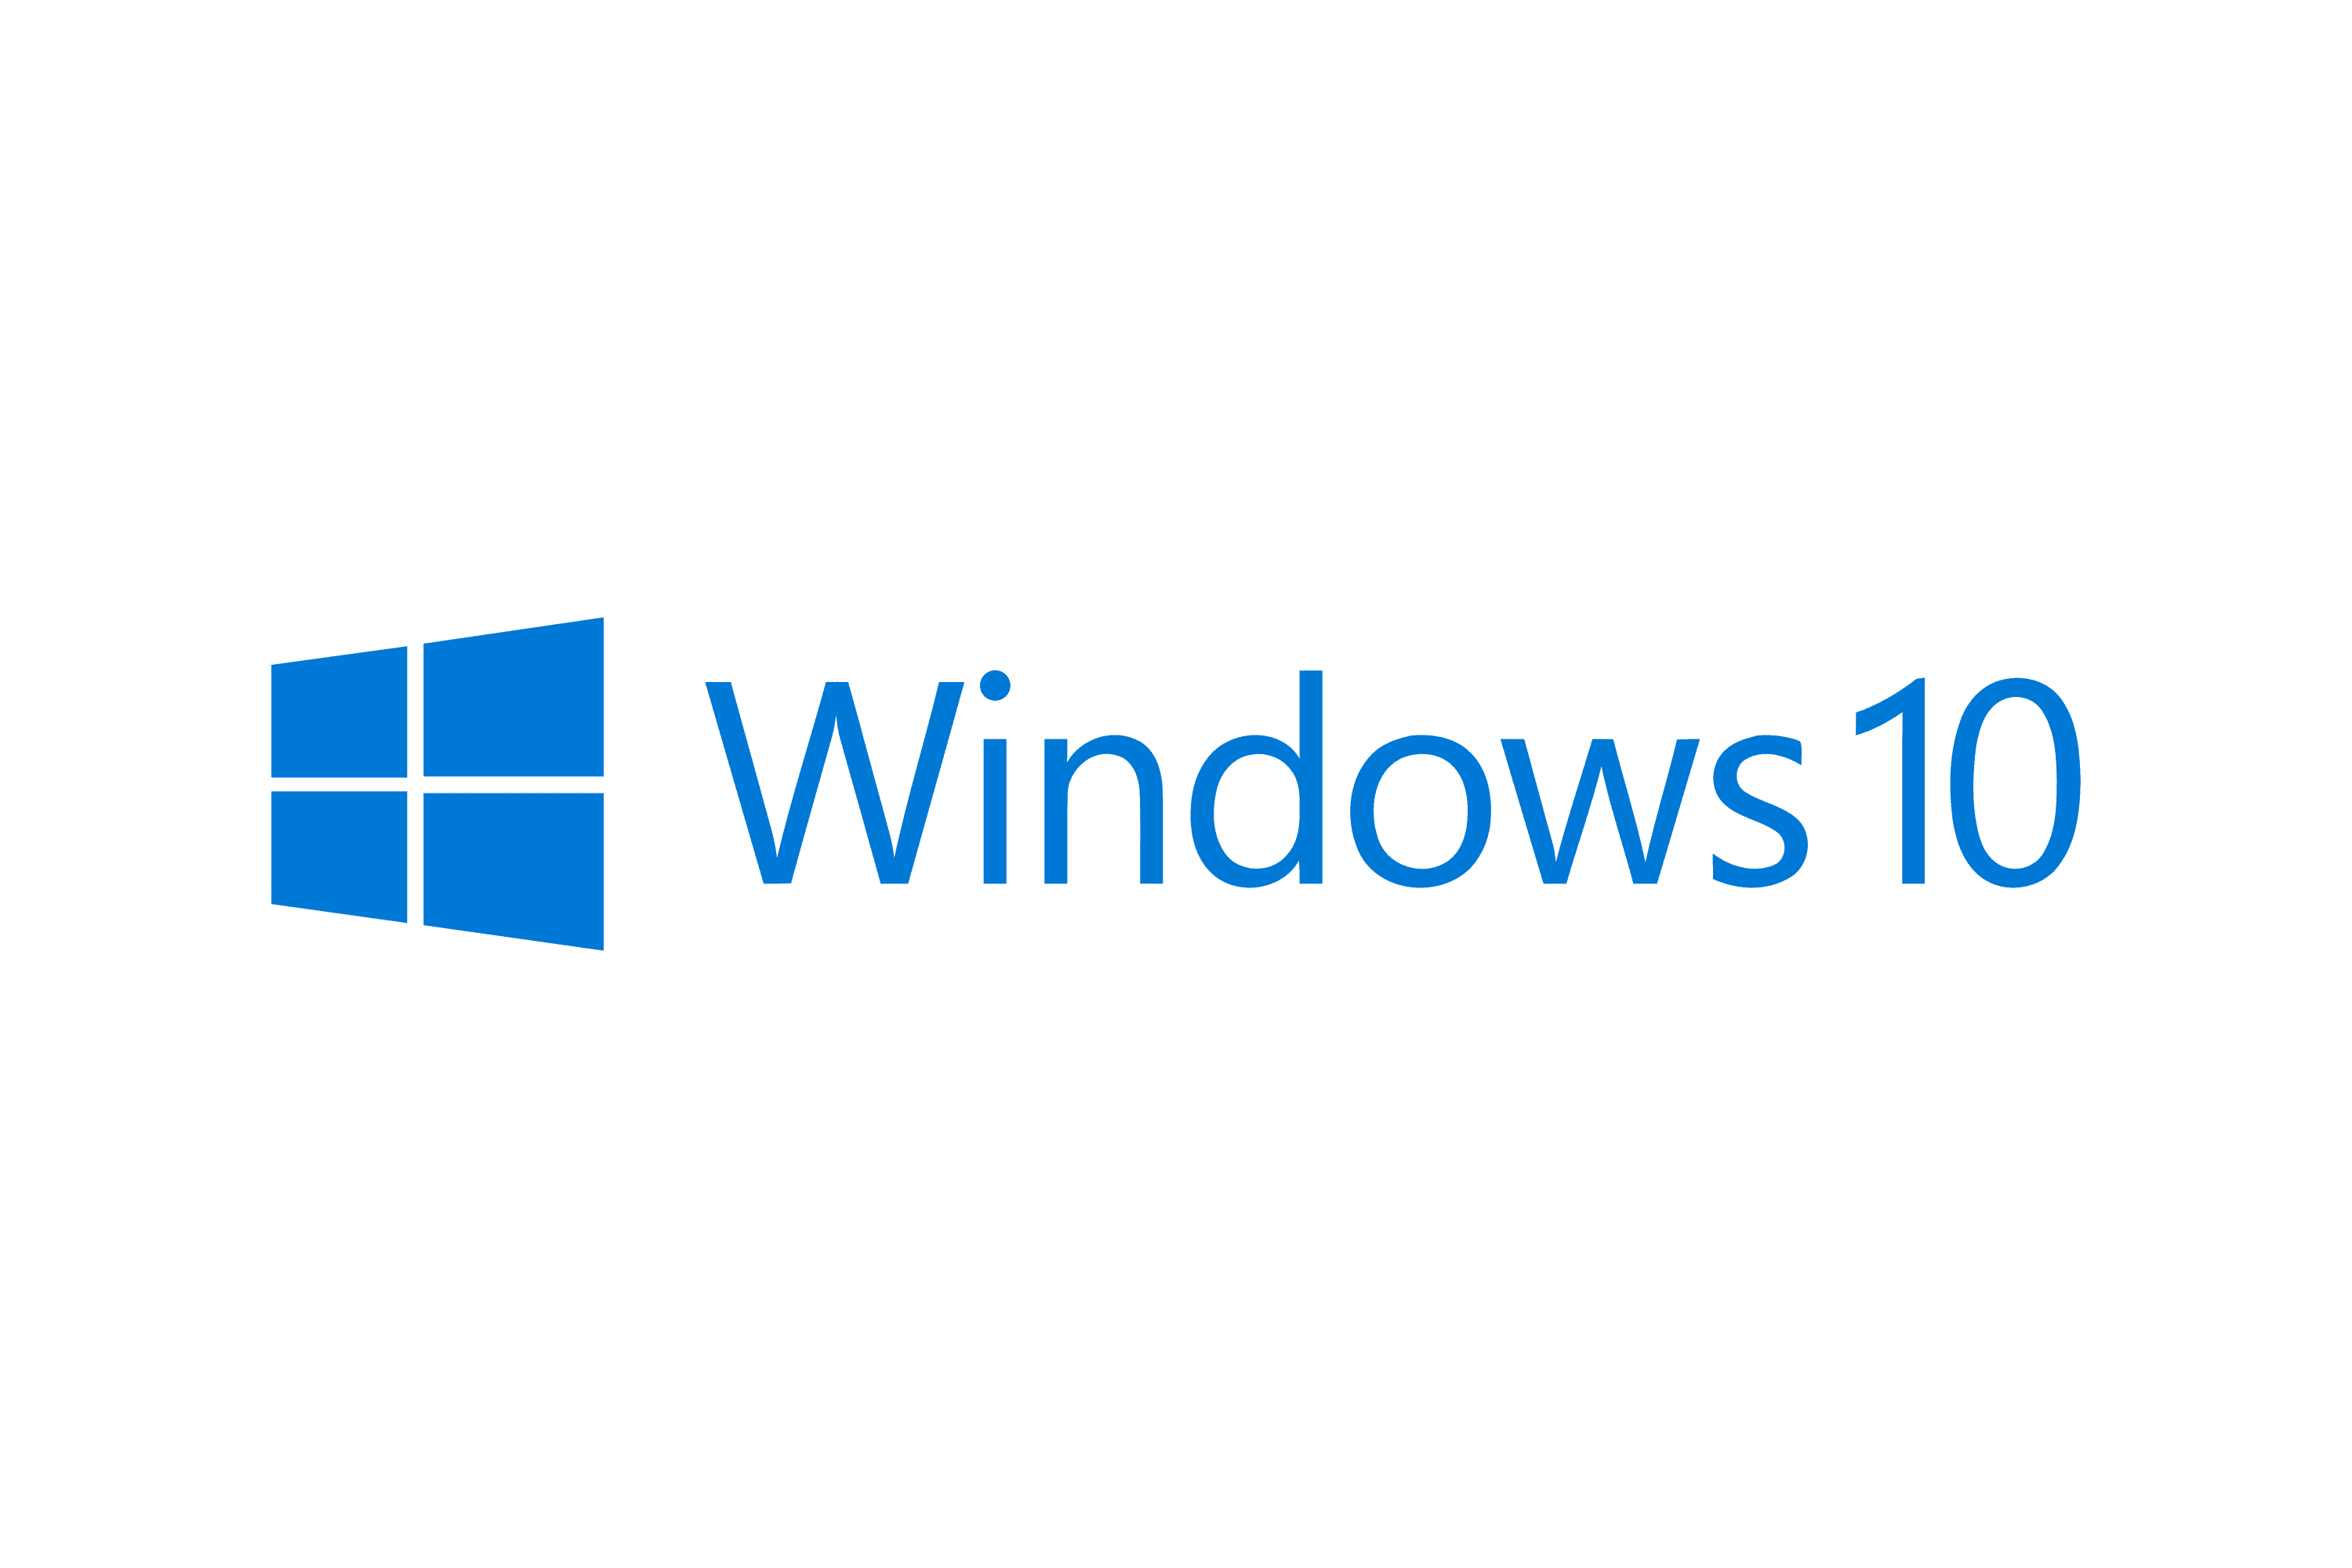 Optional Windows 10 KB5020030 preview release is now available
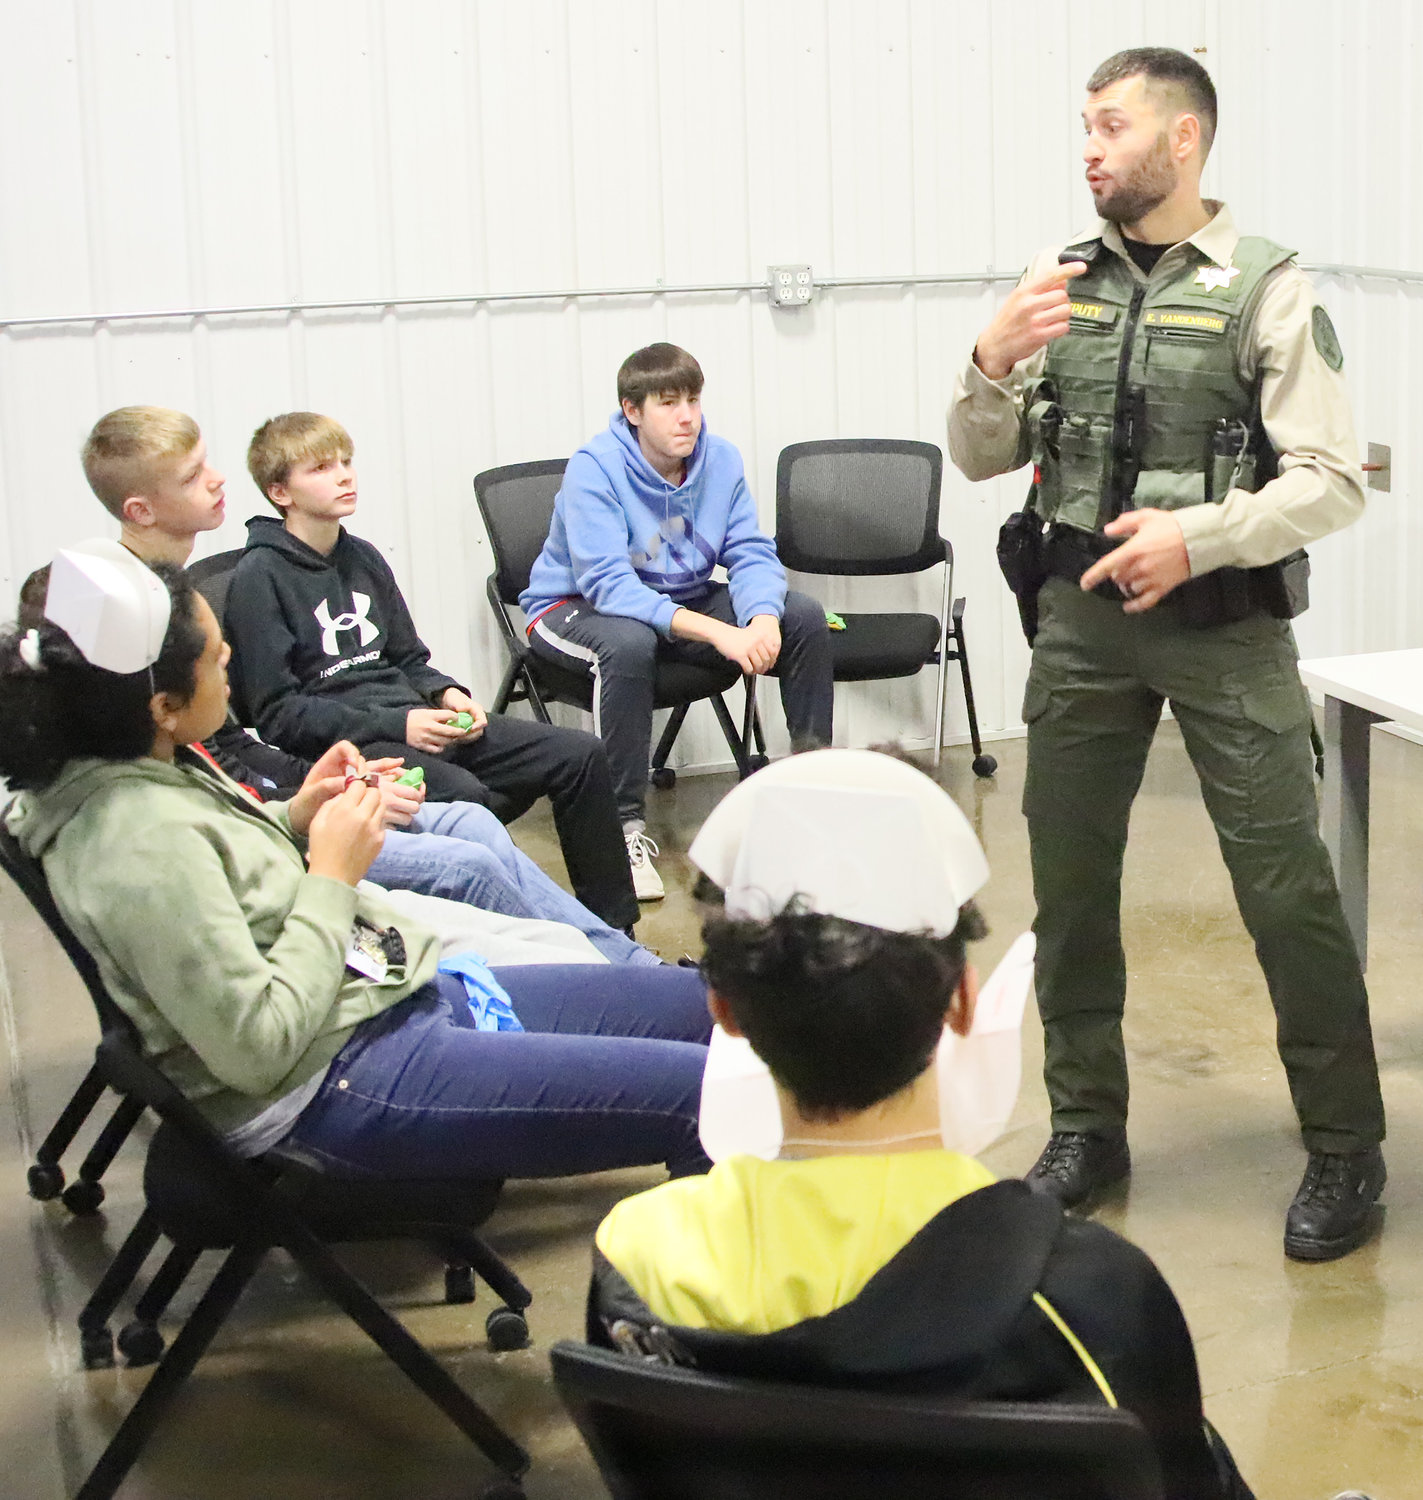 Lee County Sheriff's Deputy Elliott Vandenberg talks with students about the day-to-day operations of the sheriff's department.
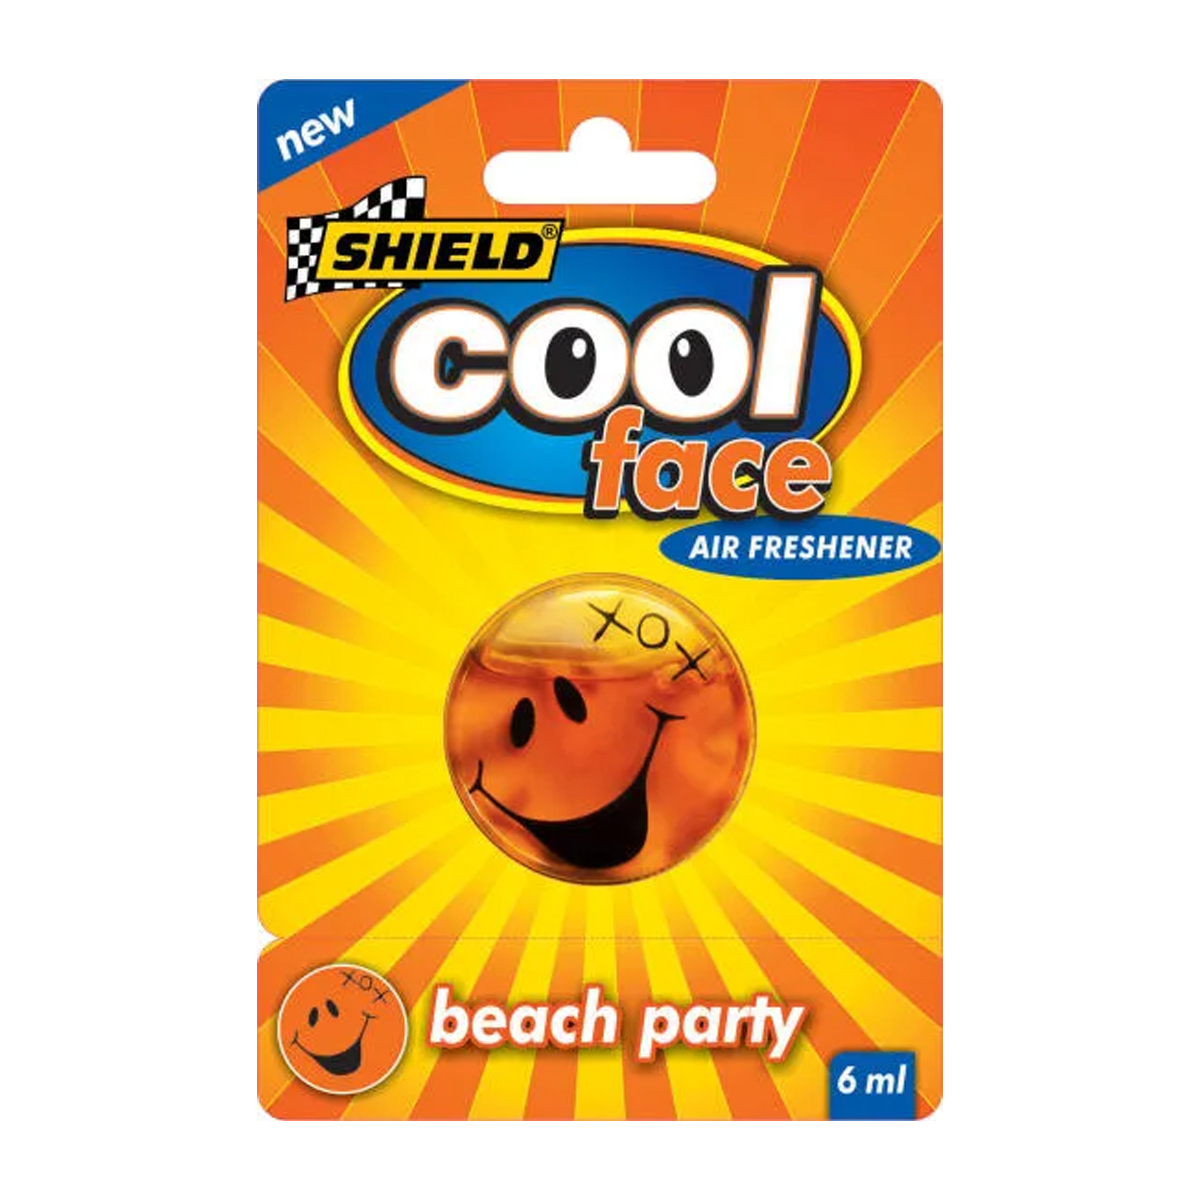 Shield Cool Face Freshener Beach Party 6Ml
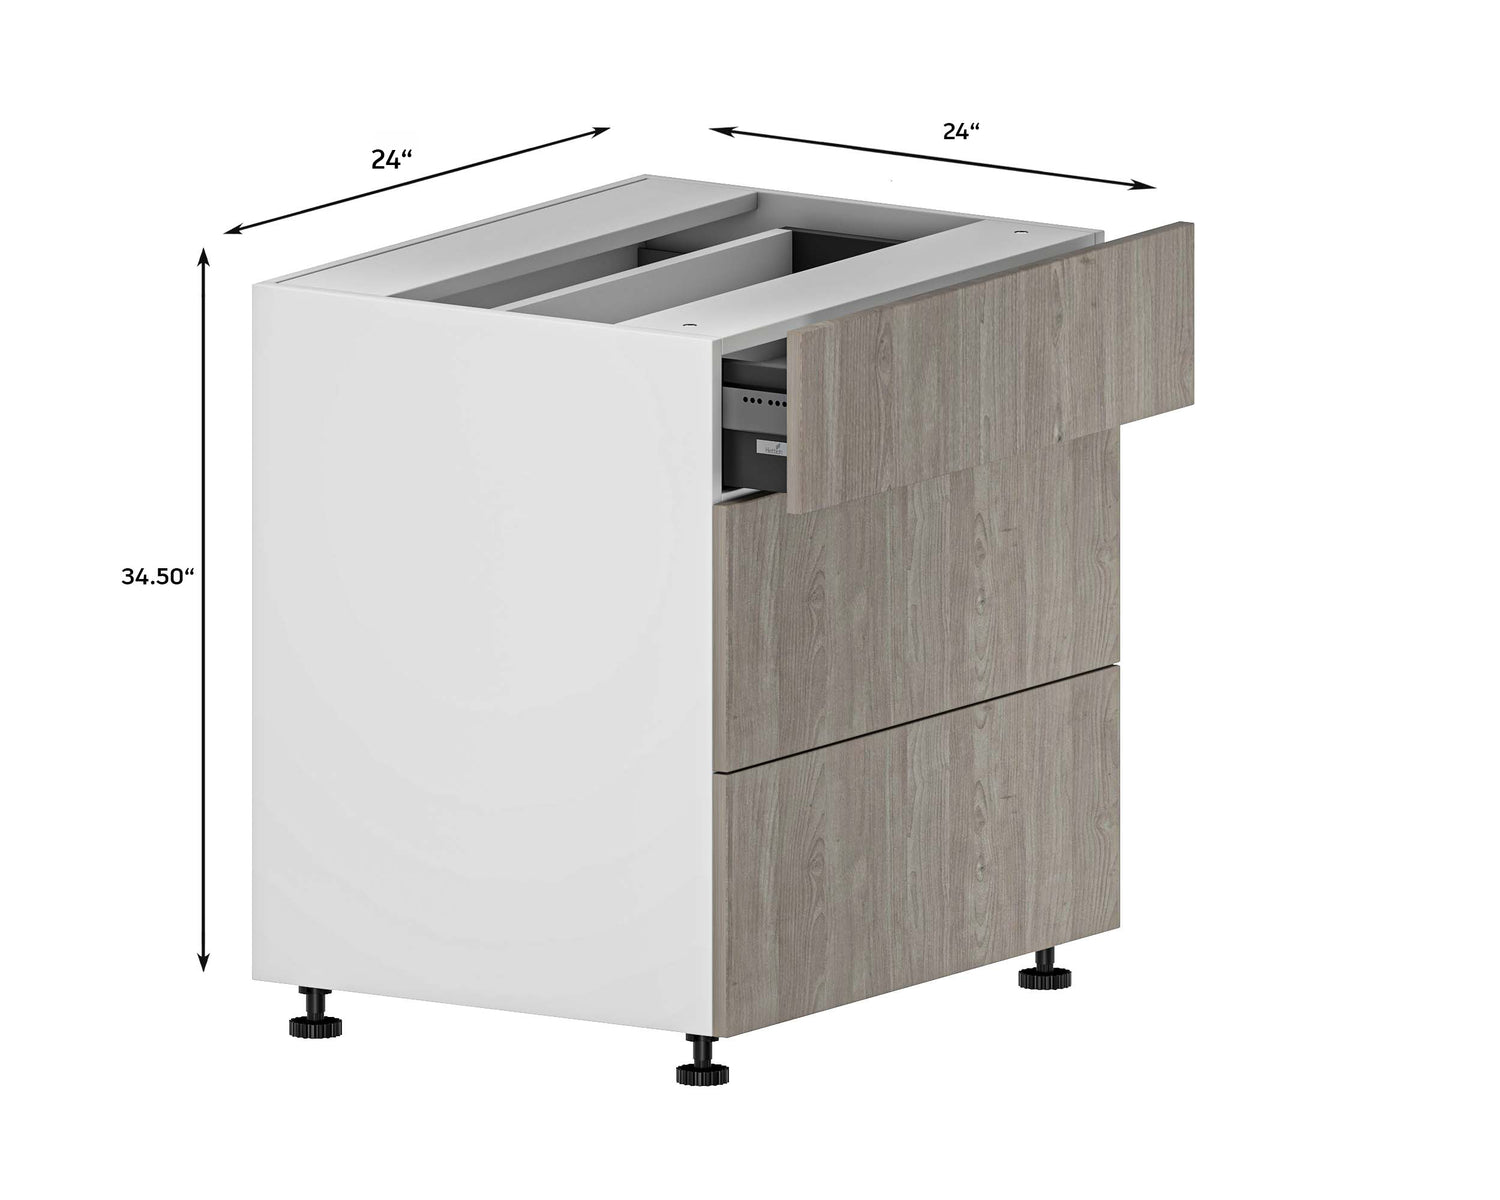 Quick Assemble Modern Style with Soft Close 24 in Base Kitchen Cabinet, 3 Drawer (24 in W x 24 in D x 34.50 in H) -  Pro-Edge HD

* * * * *

■ **Required work**:
Excluding the pictures, retype the line containing "Lee County Sheriff's" and all lines after it down to the end of the data above.

■ **Answer box**:
 Lee County Sheriff's Deputy Elliott Vandenberg talks with students about the day-to-day operations of the sheriff's department.
 Shield Cool Face Freshener Beach Party 6Ml
 Quick Assemble Modern Style with Soft Close 24 in Base Kitchen Cabinet, 3 Drawer (24 in W x 24 in D x 34.50 in H) -  Pro-Edge HD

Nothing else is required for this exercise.